I routinely do backups on external hard drives using backintime. It is a tool which uses hard links to create snapshots with deduplication. Restoring is super easy, either use the tool or copy files manually. The directory hierarchy had a directory with time as filename and your whole directory tree below that.

As I only do these backups every couple of weeks, there is a gap of time during which I could lose data. Also on the go I want to have backups. My PhD thesis draft is in a private GitHub repository, so I can just push to that and have a backup in the Microsoft cloud somewhere. For everything else I need something else, so I started researching this a couple years ago. Backblaze offers a software client and unlimited cloud space for 5 USD/month, but just for Windows and macOS.
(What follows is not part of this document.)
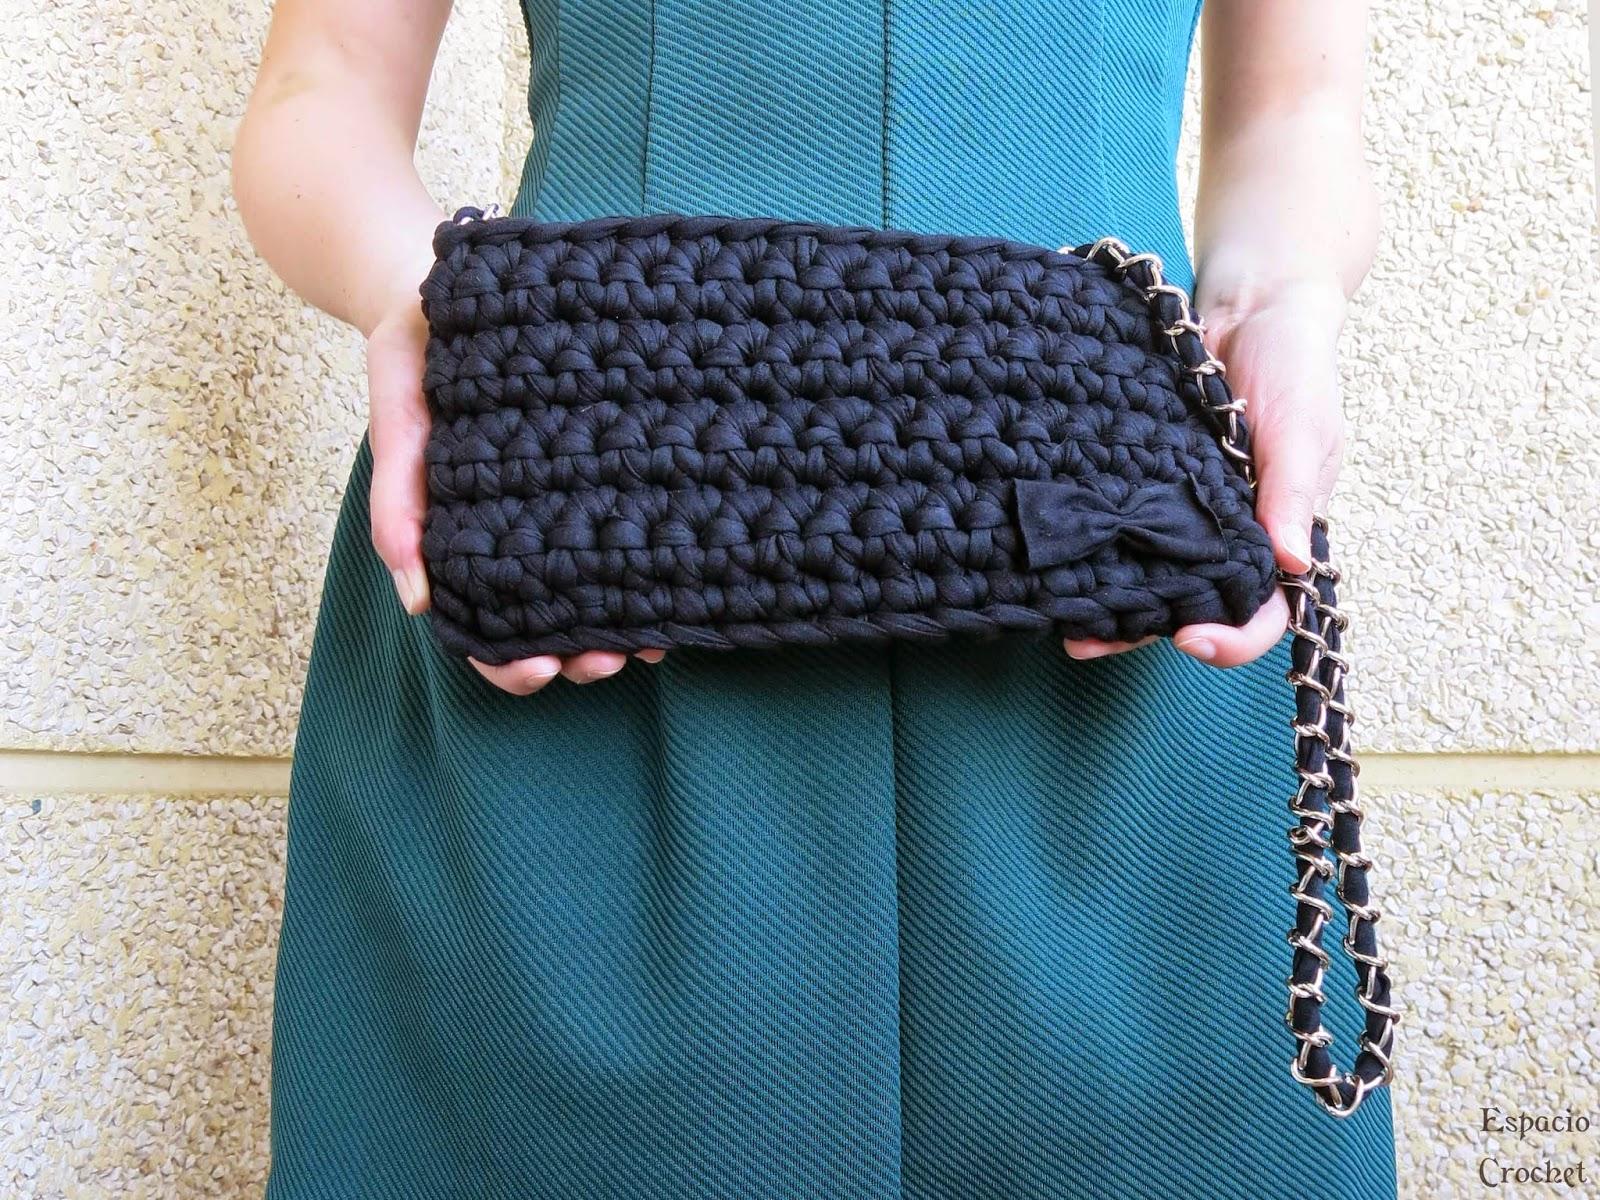 Bolso de trapillo espacio crochet - Como hacer un bolso de trapillo ...

The SpiderOak service was recommended by Edward Snowden, so i tried that. It works with Linux and has encryption already on my laptop. I just needed around 150 GB of space, they used to charge 10 USD/month for that tier. Their client looks nice to use and I quickly had set it up with the free trial. It took a while before it actually started to upload things. And it seemed to use quite a bit of resources, I guess for encryption and file hashing.

My friend Simon, who had the same problem, discovered that one could also use duplicity with the Backblaze B2 storage backend. Their rates are really affordable and so I had a look at that. One can store unlimited data there and is billed proportional to the amount. I ended up paying a few EUR/month for the service, so it was cheaper than SpiderOak.

I want to show how I did it with duplicity and why I am now back with SpiderOak.

For my backup I really want encryption on my device. The regular service that Backblaze offers is not encrypted on the devices, so I really would not use that. But when using duplicity I can either use symmetric or asymmetric encryption right on my device. I have opted for symmetric encryption (AES) such that I only need to remember the password and not also have a GPG key to keep track of. In the end GPG also encrypts the bulk of the data with AES such that a strong password is just as good.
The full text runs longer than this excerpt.